Dan untuk masalah kepemimpinan, ternyata telah banyak terjadi mitos yang salah. Kita akan kupas satu persatu.

Yang pertama, mitos bahwa seorang pemimpin adalah seorang pelopor/pencetus/pendobrak /penggagas/formulator. Banyak sekali seorang pemimpin justru adalah pengikut yang baik dari ide-ide orang lain.

Paling gampang contohnya adalah Bank BCA. Siapapun sudah paham dan jelas bahwa Bank BCA adalah bank swasta terbesar di Indonesia dengan salah satu keunggulannya adalah mesin ATM terbanyak se Indonesia. Pertanyaannya apakah Bank BCA adalah bank pertama yang mencetuskan pemakaian mesin ATM? Tentu tidak, BCA adalah sebuah bank yang sangat cerdik yang mempelajari dulu setiap ide baru sebelum mengeksekusikannya ke lapangan.

Yang kedua, mitos bahwa seorang pemimpin adalah dikarenakan posisinya. Itu juga salah besar. Seorang pemimpin justru awalnya harus menjadi seorang pengikut yang baik terlebih dahulu. Saya berikan contoh nih biar ”mudeng“. Anda kenal dengan Lady Diana? Apakah karena posisinya sebagai permaisuri dari Pangeran Charles yang membuat beliau menjadi pemimpin? Pada awalnya iya, tapi ketika Lady Diana bercerai, dia tetap menjadi sorotan publik. Kita telah dipahamkan bahwa beliau bisa menjadi pemimpin yang memimpin berbagai gerakan sosial bukan karena posisi beliau.

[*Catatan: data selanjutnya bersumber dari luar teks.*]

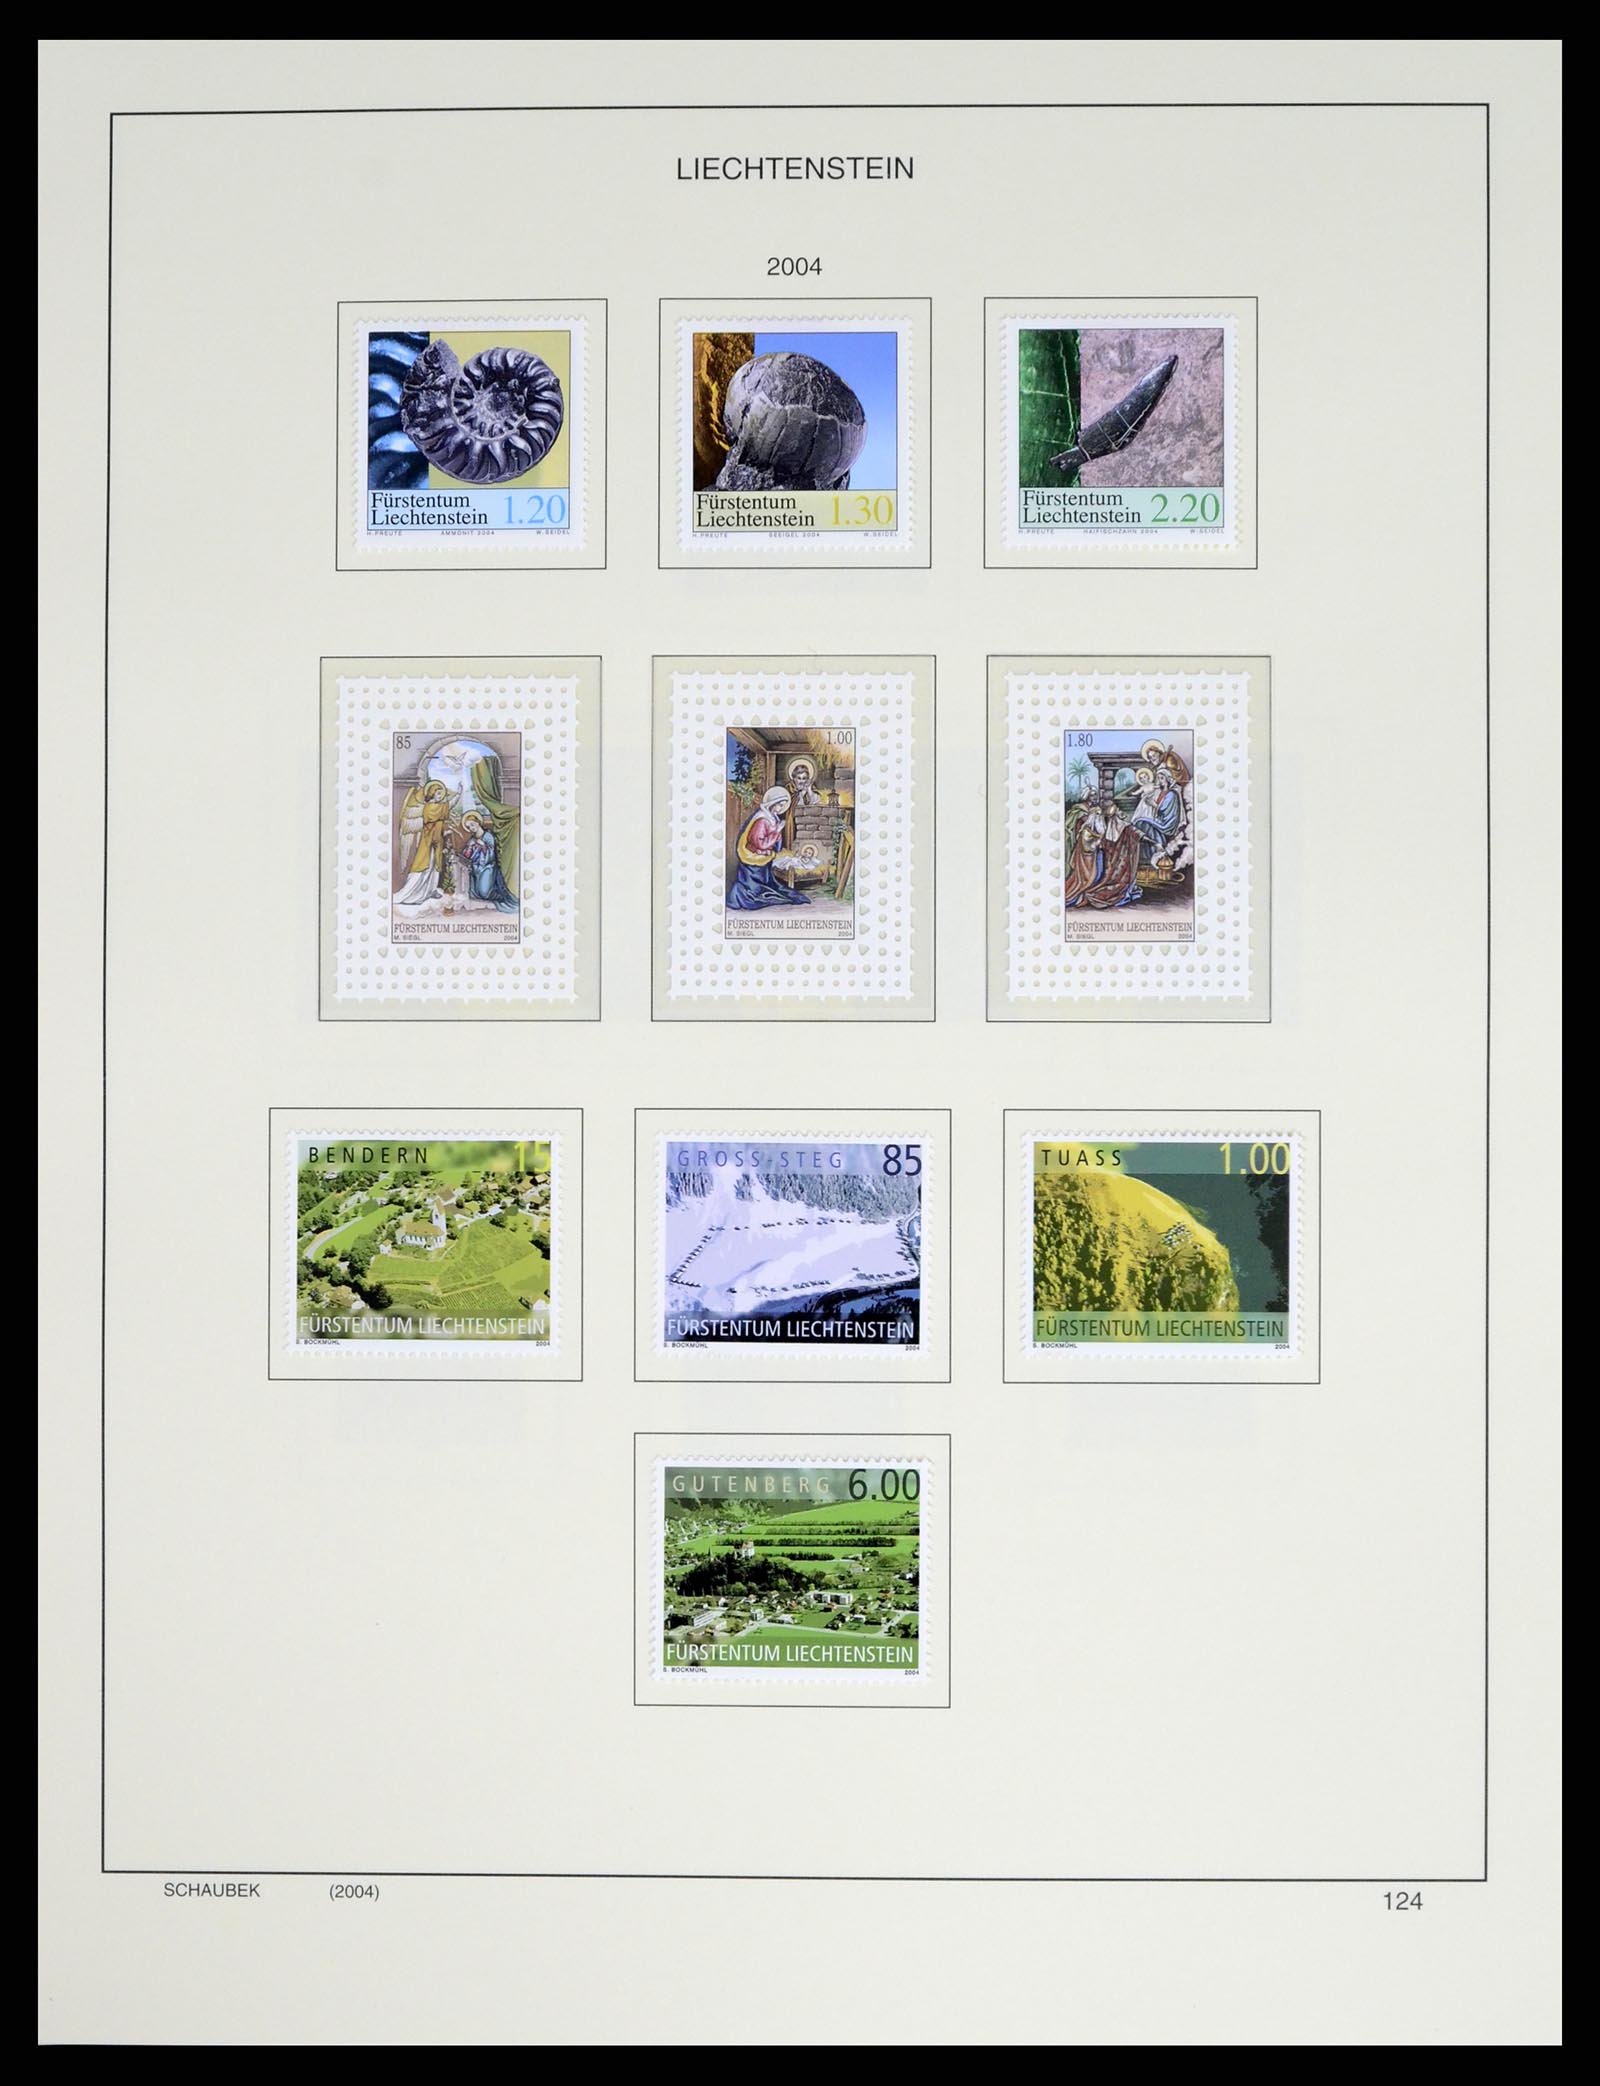 37547 147 - Stamp collection 37547 Liechtenstein 1912-2011.

Pada 31 Agustus 1997 Lady Diana meninggal dunia karena kecelakaan mobil yang dikemudikan di jalan terowong Pont de l’Alma di Paris bersama-sama dengan Dodi Al-Fayed dan supir Henri Paul. Pemakamannya diadakan pada 6 September 1997 dan disiarkan secara langsung ke seluruh dunia, ditonton lebih 1.5 miliar penonton di seluruh dunia.

Mitos ketiga, mitos bahwa seorang pemimpin adalah dikarenakan pengetahuannya. Memakai istilah keren “knowledge is power“. Yang benar adalah “nowadays knowledge is still a power but not leadership“. Banyak profesor yang secara keilmuan sangat jenius dan luar biasa. Namun jarang sekali mereka menonjol menjadi seorang pemimpin.

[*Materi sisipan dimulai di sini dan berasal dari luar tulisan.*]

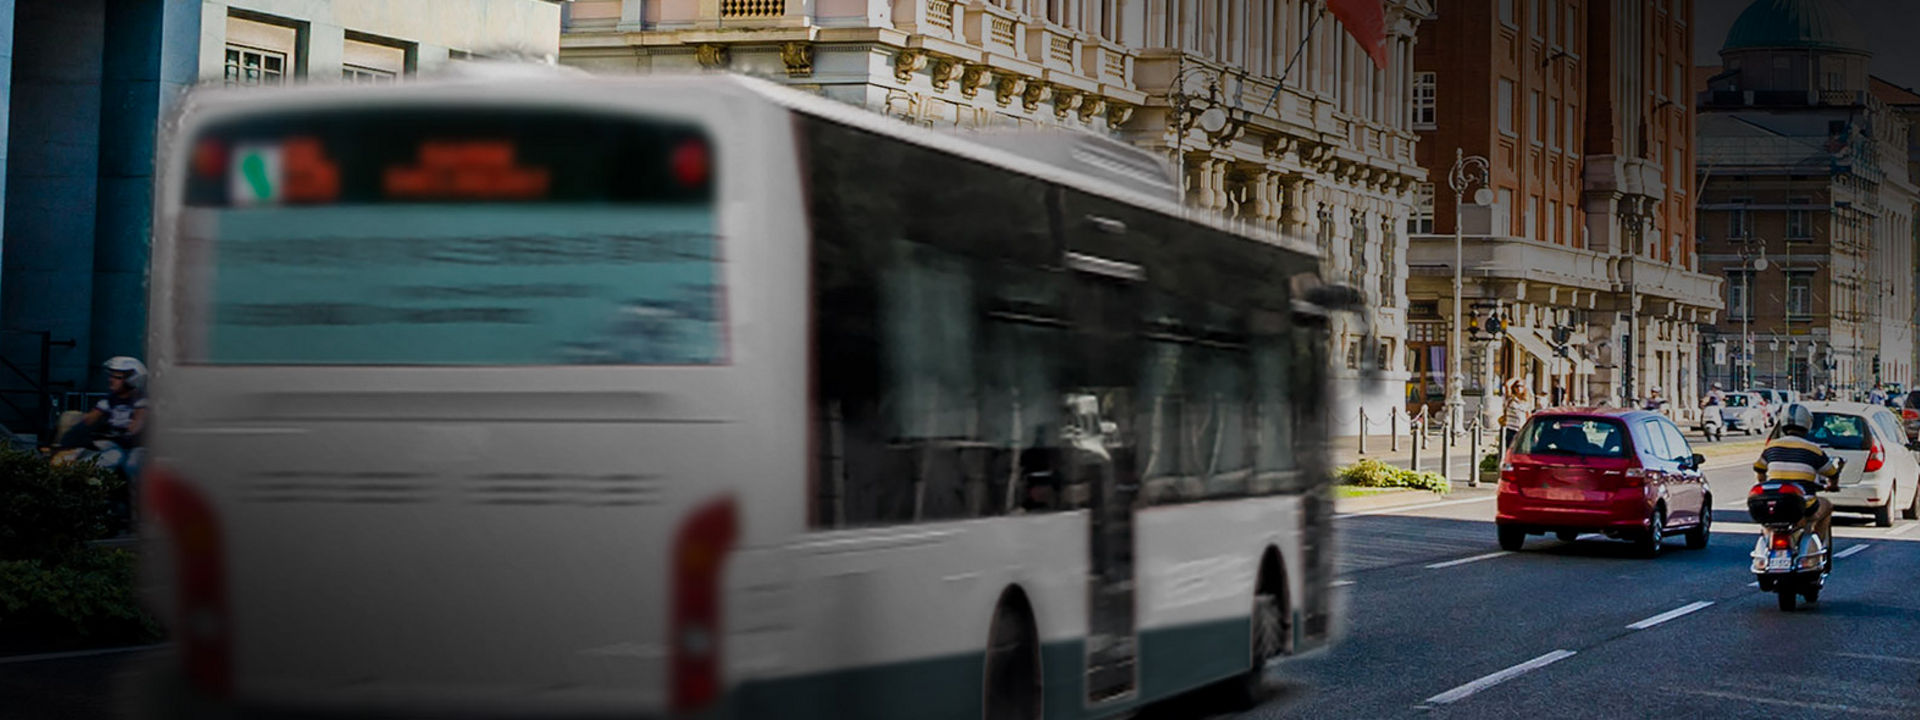 Billedet viser bagenden af en bus monteret med Bridgestones busdæk, der kører inde i en bymidte.

Saya ambil sebuah contoh pemimpin yang jauh bertolak belakang, yaitu Bunda Teresa. Seorang suster Katolik yang mengabdikan hidupnya untuk kalangan orang miskin di India, yang terkenal sebagai pembela kaum “si lapar, si telanjang, si gelandangan, si pincang, si buta, si lepra, dan semua orang yang merasa tak diinginkan, tak dicintai, tak diperhatikan dalam masyarakat, orang yang telah menjadi beban bagi masyarakat dan ditolak oleh siapa pun“. Jelas sekali bahwa Bunda Teresa adalah seorang pemimpin besar yang luar biasa.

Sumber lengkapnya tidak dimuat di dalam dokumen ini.